Instructions to follow: Without the images, reproduce each line of the material exactly.

Stored data:
⁂
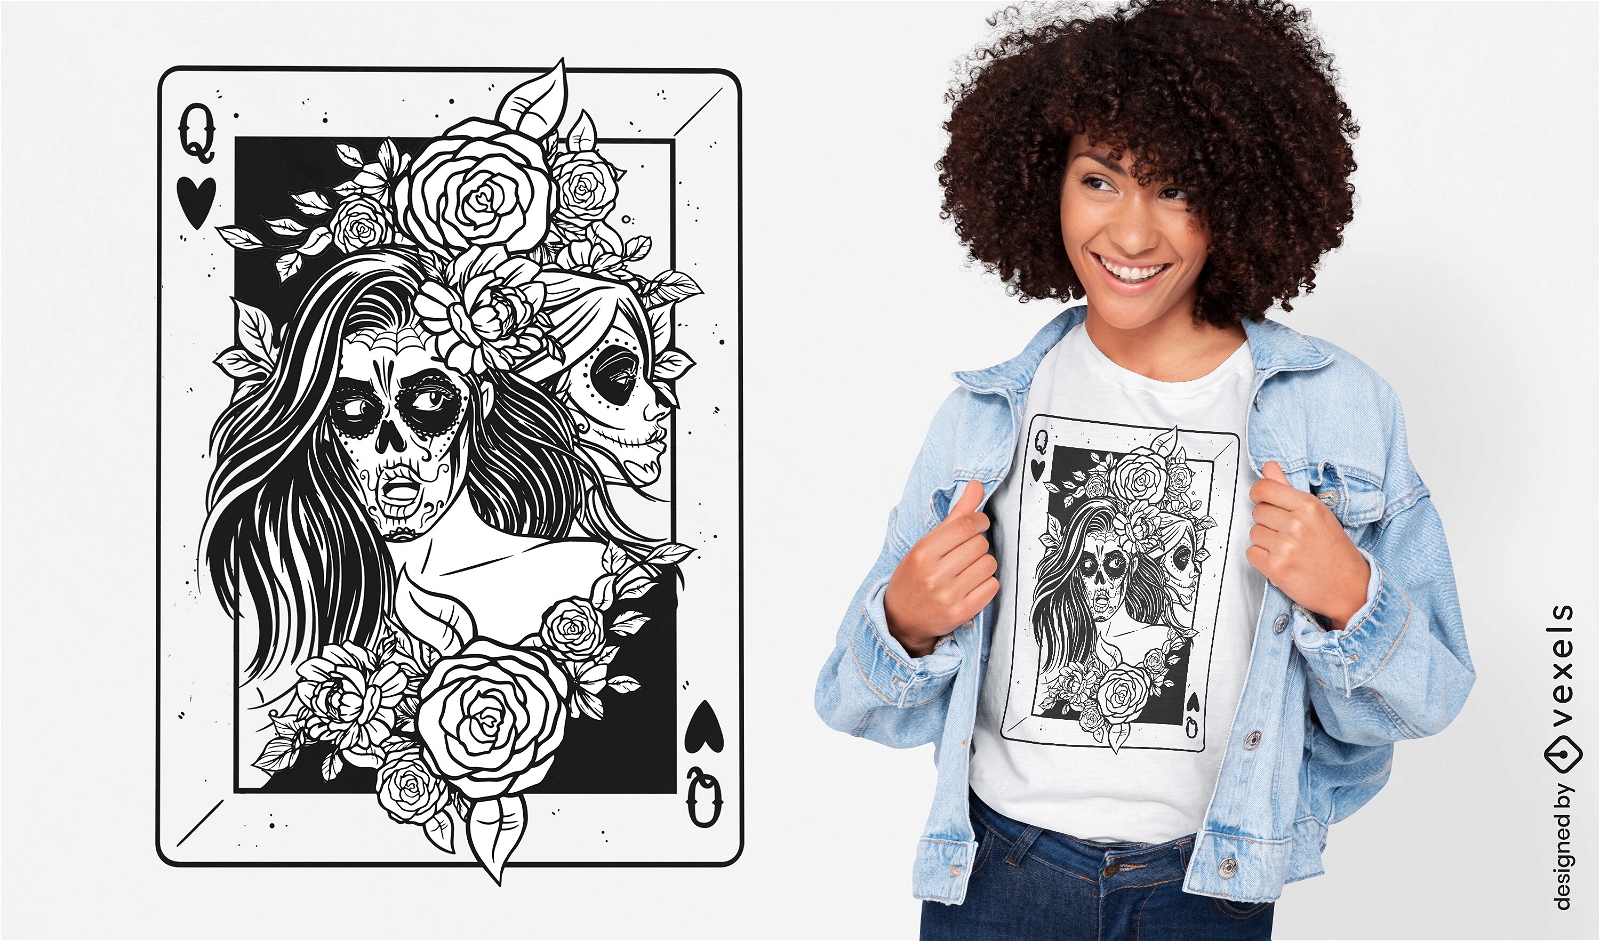 Queen of hearts Mexican card t-shirt design
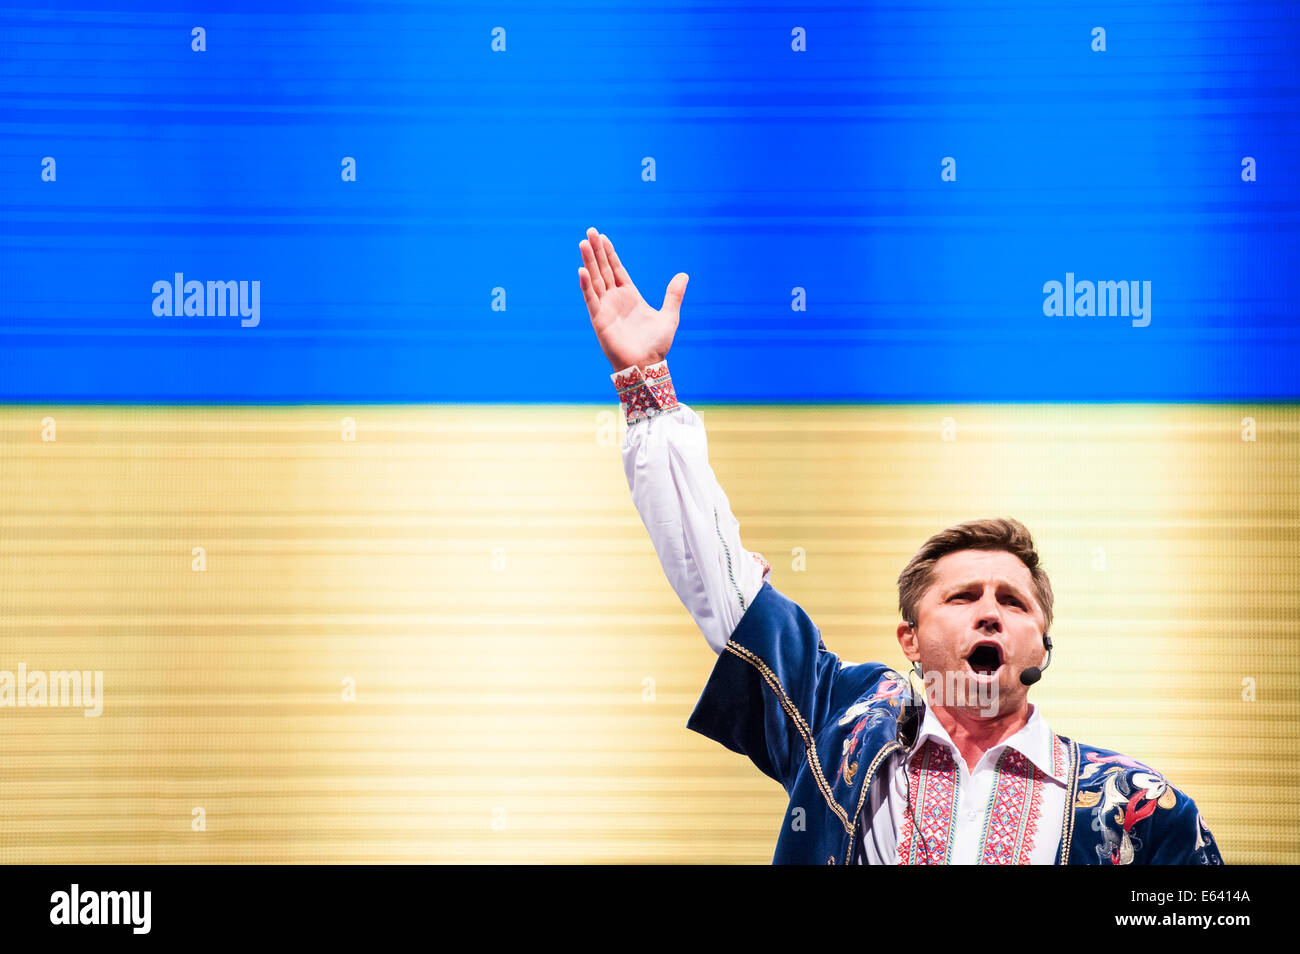 A Ukrainian folk singer with his right hand in the air, with Ukrainian flag in the background, performing at Folkart festival Stock Photo
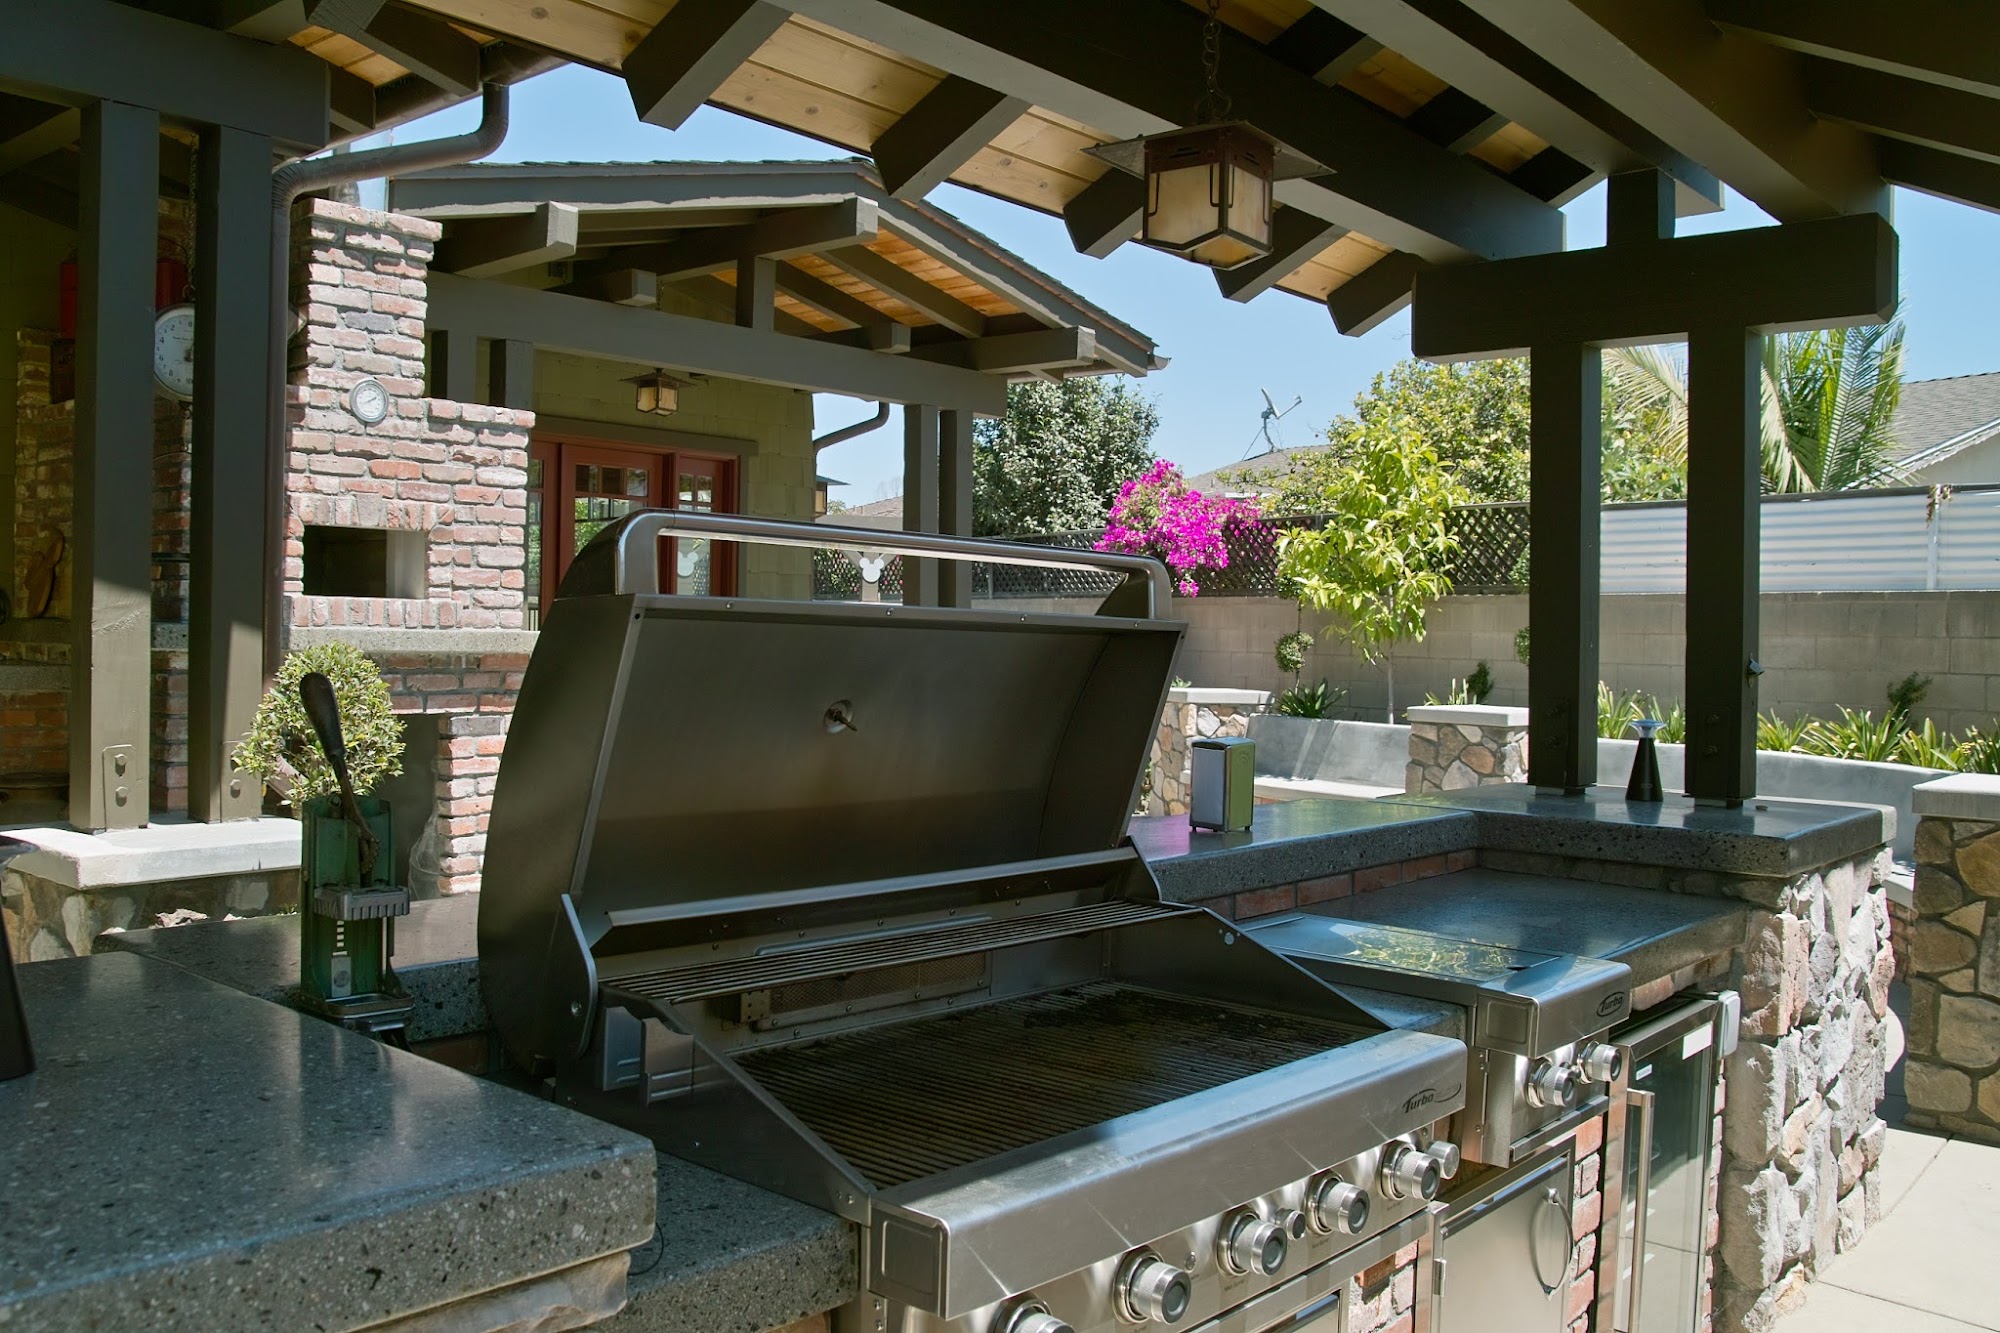 Fogazzo Wood Fired Ovens and Barbecues
⁂
Reply to the exercise:
 Queen of hearts Mexican card t-shirt design
 A Ukrainian folk singer with his right hand in the air, with Ukrainian flag in the background, performing at Folkart festival Stock Photo
 Fogazzo Wood Fired Ovens and Barbecues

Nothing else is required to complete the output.